Drive south from San Francisco along Highway 101 and turn onto University Avenue, which takes you through the heart of Palo Alto, once known as Professorville. University Avenue becomes Palm Drive after you cross the El Camino Real. As you proceed up Palm Drive, stop at the University Museum of Art. The Museum shows memorabilia of Stanford and describes how he rose from a Sacramento hardware man to become the railroad builder and governor. One of the appealing California Indian exhibits is a Yurok canoe carved from a single redwood log.
Continue on Palm Drive to the oval parking area. Immediately in front of you is the most historic part of the University, the Main Quadrangle, a sandstone enclosed courtyard in the Romanesque style, with archways and thick walls. Red tile roofs inadvertently echo the missions. Memorial Church, dedicated in 1903, was Mrs. Stanford’s memorial to her husband.
Walk east from the main quadrangle to the Hoover Tower, the 285-foot landmark. You can take an elevator to the top. The tower houses the Hoover Institution on War, Revolution, and Peace, which has substantial collections of papers and books related to world conflicts. At the base of the tower you’ll find a museum room honoring Herbert Hoover, the Stanford graduate and engineer whose enduring legacy was not his presidential years, but his earlier feat, as Secretary of the Interior, when he negotiated successfully among the Southwestern states the agreement to construct the Hoover Dam. Without the dam’s Colorado River water, hydro-electrical power, and flood control, life in California and the West would be substantially different today.
To get a feel for campus life, walk from the Hoover Tower to Tresidder Union and stop for a food/beverage break. You’ll pass such landmarks as the Main Library, Encina Hall, and the Campus Bookstore. If you haven’t visited Stanford in recent years, the addition of outdoor sculpture has changed the physical look of the campus.
For a delightful restaurant, try MacArthur Park (27 University Avenue, 650/321-9990). To get there, as you leave Palm Drive to enter Palo Alto, turn right after you pass under the railroad trestle. The restaurant resides in an ample white-painted building, a World War I hostess house designed by Julia Morgan for Camp Fremont, in Menlo Park. Try the mesquite charcoaled swordfish or fish of the day.
SAN MATEO COAST
The San Mateo coast between the Montara and Pigeon Point lighthouses offers a bucolic seaside drive with beaches, farmlands, and two small coastal towns. Morning fogs tend to burn off by noon, so plan this as an afternoon outing. The road is relatively straight, compared to the rollercoaster rides possible along the coast north of San Francisco or in Big Sur.

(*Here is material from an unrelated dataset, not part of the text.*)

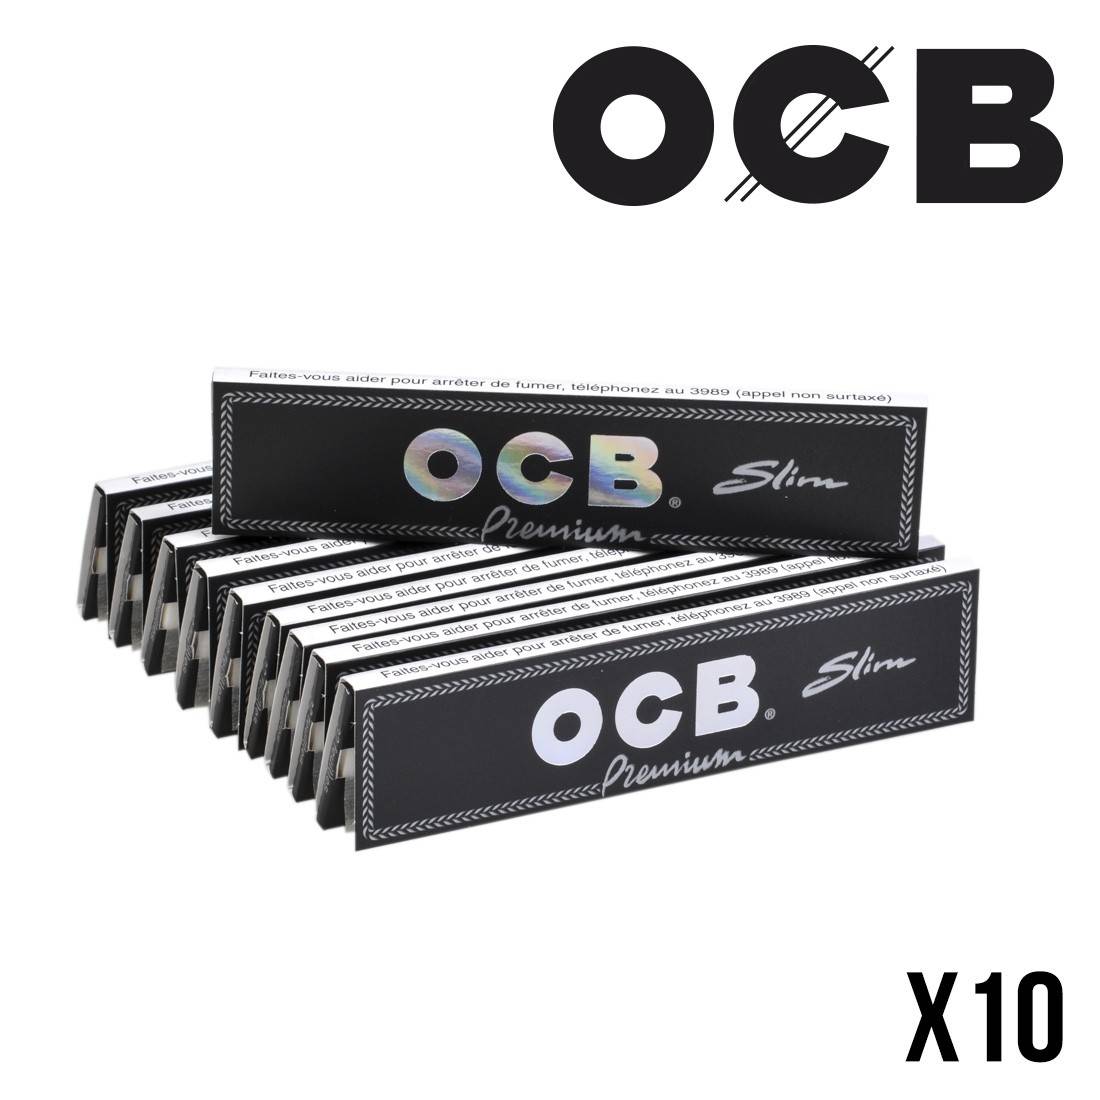 OCB Slim Premium noir lot de 10 carnets de 32 feuilles 1 briquet cadeau

Pick up Interstate 280, then Highway 1, at the southwest edge of San Francisco and drive along the coast. At Pacifica, pause and drive inland along Linda Mar Boulevard. Where the road intersects with Adobe Lane, you’ll find the Sanchez Adobe, a whitewashed structure completed in 1846 during the Mexican era. This is the only adobe in San Mateo county open to the public. Memorabilia at the adobe recall the era of Francisco Sanchez, mayor of San Francisco and commandant of militia under the Mexican Republic. Moving south along Highway 1, you pass the treacherous Devil’s Slide area where road washouts periodically occur.
In Montara, stop at the Montara Lighthouse. Turn toward the sea where you notice a small Youth Hostel sign. After several major shipwrecks along this coast, the lighthouse was built in 1875, first as a fog signal station with a deep whistle run by coal-generated steam power. Today the grounds are open to the public and the buildings function as a rustic all-ages hostel.
Proceeding south, at the fishing village of Princeton, watch the boats return and see what the sea has offered up as prizes. Several sport-fishing charters leave from Princeton. Shops and restaurants offer seafood. Ketch Joanne (650/728-3747) serves tasty shrimp and crab sandwiches.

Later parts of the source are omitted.